A political group terming itself the Princeton Coalition of Responsible Development has drafted a petition with nearly 1,000 signatures opposing the Municipality of Princeton’s Master Plan. Princeton’s Planning Board prepared the plan, which guides the municipality’s growth and development and informs its zoning, land use decisions, and infrastructure.
Town administrators and elected officials have pushed back strongly against the claims in the petition. Louise Wilson, the chair of the Planning Board, told The Daily Princetonian in an interview that the petition is “alarmist and replete with falsehoods” and that there are parts of the plan that can be confusing or misinterpreted if taken out of context.
The petition, released on Nov. 16, claims that the changes implemented by the Master Plan will alter the “beautiful green spaces and historic charm” that make Princeton attractive to visitors. The petition also argues that property taxes in the town are too high and raising them would burden residents, that more development would exacerbate traffic, and that increasing density as the plan proposes “will do nothing for affordable housing.”
Back in October, Councilmember David Cohen wrote in an email to the ‘Prince’ that “there is a vocal minority who are scaremongering and spreading misinformation about what is in the plan.”
In a published FAQ document, the Planning Board wrote, “importantly, the proposed plan does not contain or recommend any mandate to change the character of any neighborhood; it recommends allowing more of what already exists.”
Cohen added that the petition conflates large multi-family developments being built in town with the Master Plan revisions when in reality, they are part of Princeton’s court mandated affordable housing settlement.
The petition equates the Master Plan to “unplanned development.”
Justin Lesko, the town’s planning director, wrote in an email to the ‘Prince’ that the petition’s concerns have already been expressed by Princeton residents through the multiple listening sessions held and that the Master Plan “gives a myriad of ways of addressing them through recommendations in each element in a well thought out way.”

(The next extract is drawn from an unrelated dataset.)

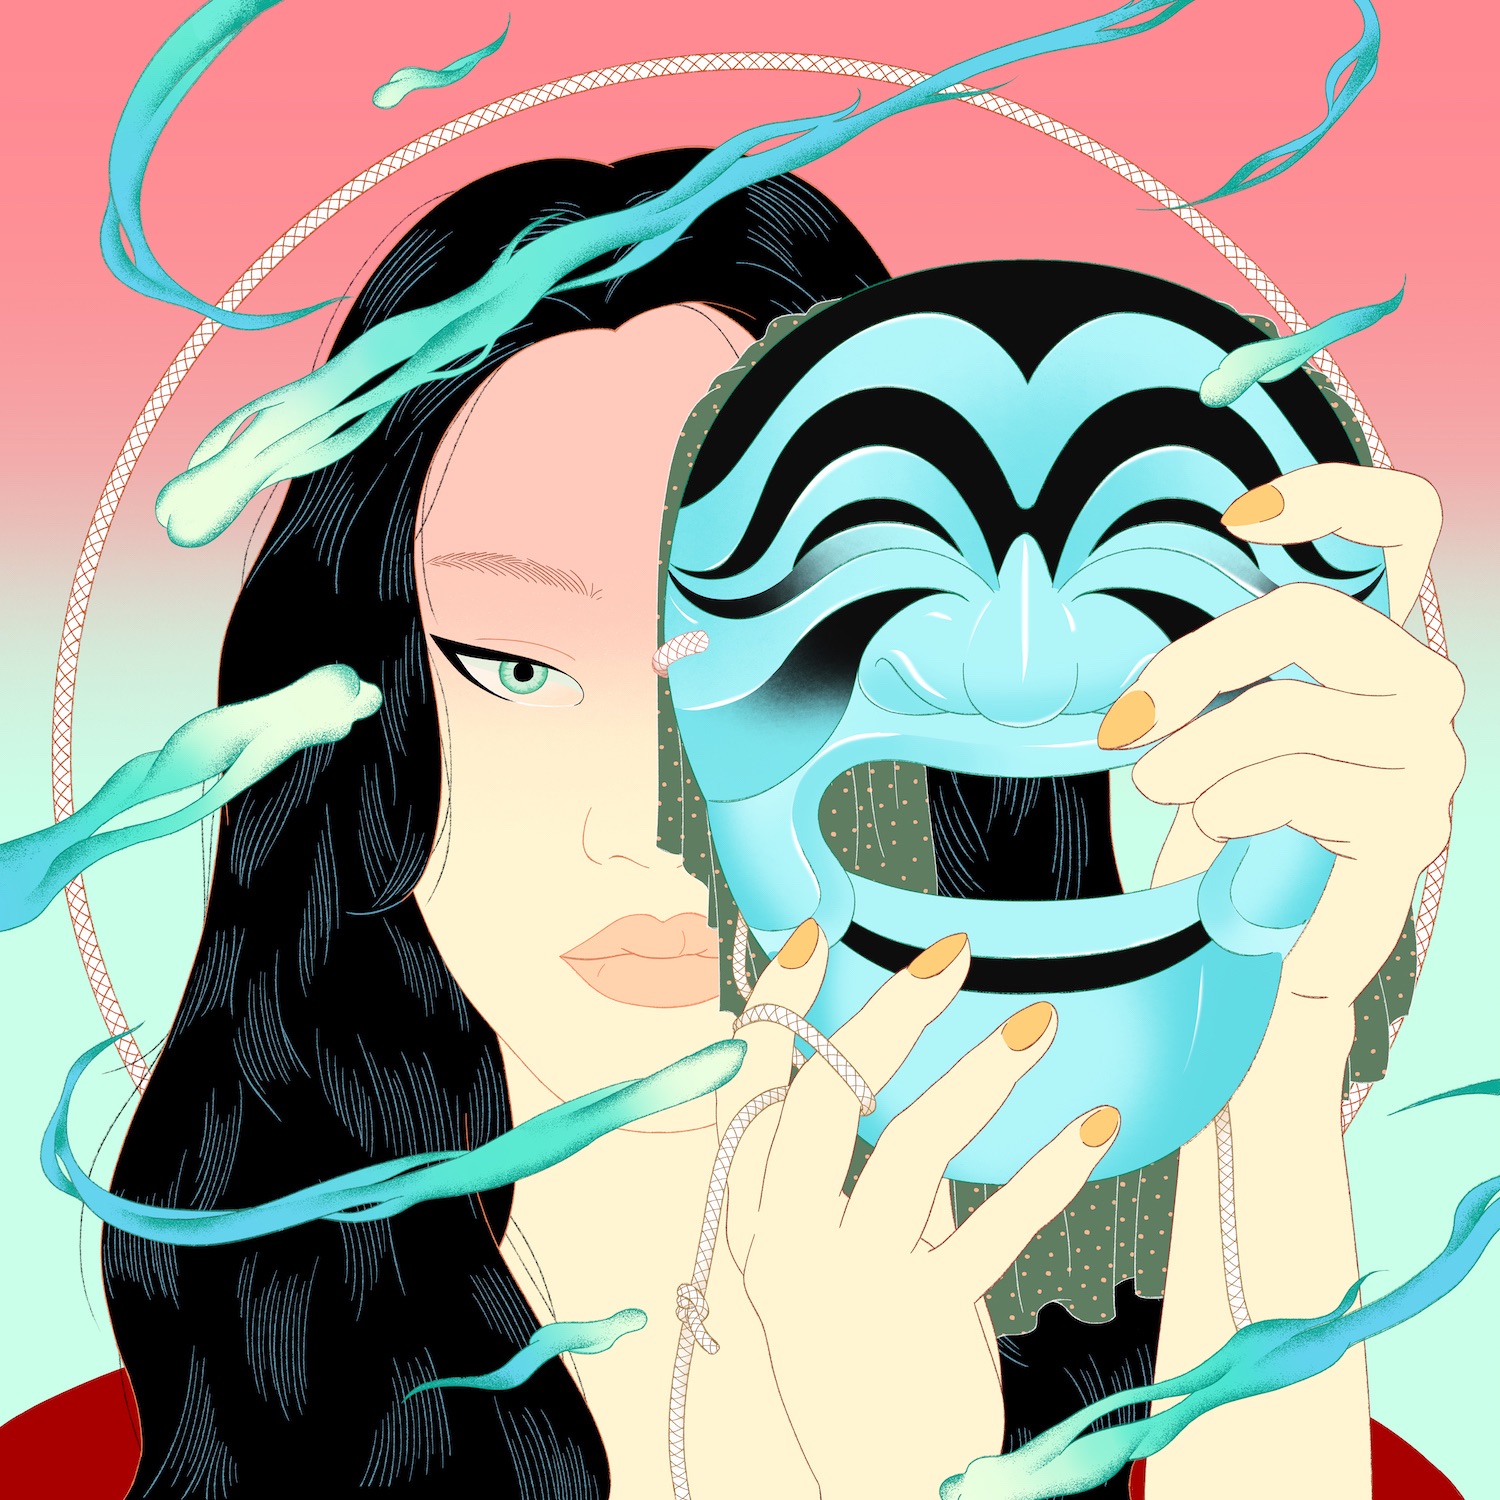 Aflaai Peggy Gou - Starry Night

Mike Head, a spokesperson for the Princeton Coalition for Responsible Development, told Planet Princeton that he started the group because residents felt planning board members were not listening to their complaints. “We are concerned that is a rush to approve this. There doesn't seem to be a reason why there is such a rush.”
“We believe that community involvement is crucial when making decisions that will affect us all so profoundly,” the petition reads.
Cohen pushed back against the claims in the petition, writing that “much of what we are proposing will work to mitigate, not exacerbate, the trends objectors worry about.”
Lesko wrote that the Planning Board certainly expected backlash. Lesko encouraged residents to read the plan themselves, adding that “context is lost when just reading op-eds or petitions.”
Cohen expressed that some of the backlash might be because “change is hard, and people would rather pretend that it is possible to keep Princeton just the way it is.” Wilson attributed it to the nature of Princeton’s residents: “People care deeply and love a good debate.”
Wilson noted that in response to the petition, the Planning Board is adding some explainer text, repeating parts of the existing text, to the land use map and will point out again at the public hearing on Nov. 30 at 7 p.m. that the plan does not “upzone properties to allow for increased density on each lot.” The board is also incorporating some suggested language, correcting errors — typos, errors of omission, etc. —, and accepting recommendations from the Historic Preservation Commission and an independent historian.
A steering committee with representatives of the municipality, Princeton University, Princeton public schools, small businesses, as well as residents, was formed in April 2022 to advise staff and consultants, help connect the planning process to the community and provide direct input. Beginning in early 2022, according to the FAQ document, each of Princeton’s municipal boards, commissions, and committees were consulted and encouraged to offer input into the plan.
Fifteen meetings with presentations and Q&As were held with neighborhood organizations, community groups, committees, and local merchants. Ten listening sessions were held: one online and nine in-person. The first one was held at Frist Campus Center with the goal of hearing students’ concerns.
Cohen stressed the goals for the plan, emphasizing that “change is inevitable, and if we don’t plan for the change we want, we get change that we don’t want.” He referenced the trend toward rising prices in Princeton, expressing that it is “becoming a ‘golden ghetto,’ unaffordable to all but the top five percent and the (un)lucky few who qualify for subsidized affordable housing and are selected off the long waiting list for a vacant unit.”
Cohen says he believes that the changes proposed in the plan are in line with those being proposed in municipalities across the country and are the only way to create the kind of “Missing Middle” housing needed to accommodate income diversity in Princeton.
“A healthy functioning community should be able to house all who work in and contribute to the life of the community,” Cohen notes.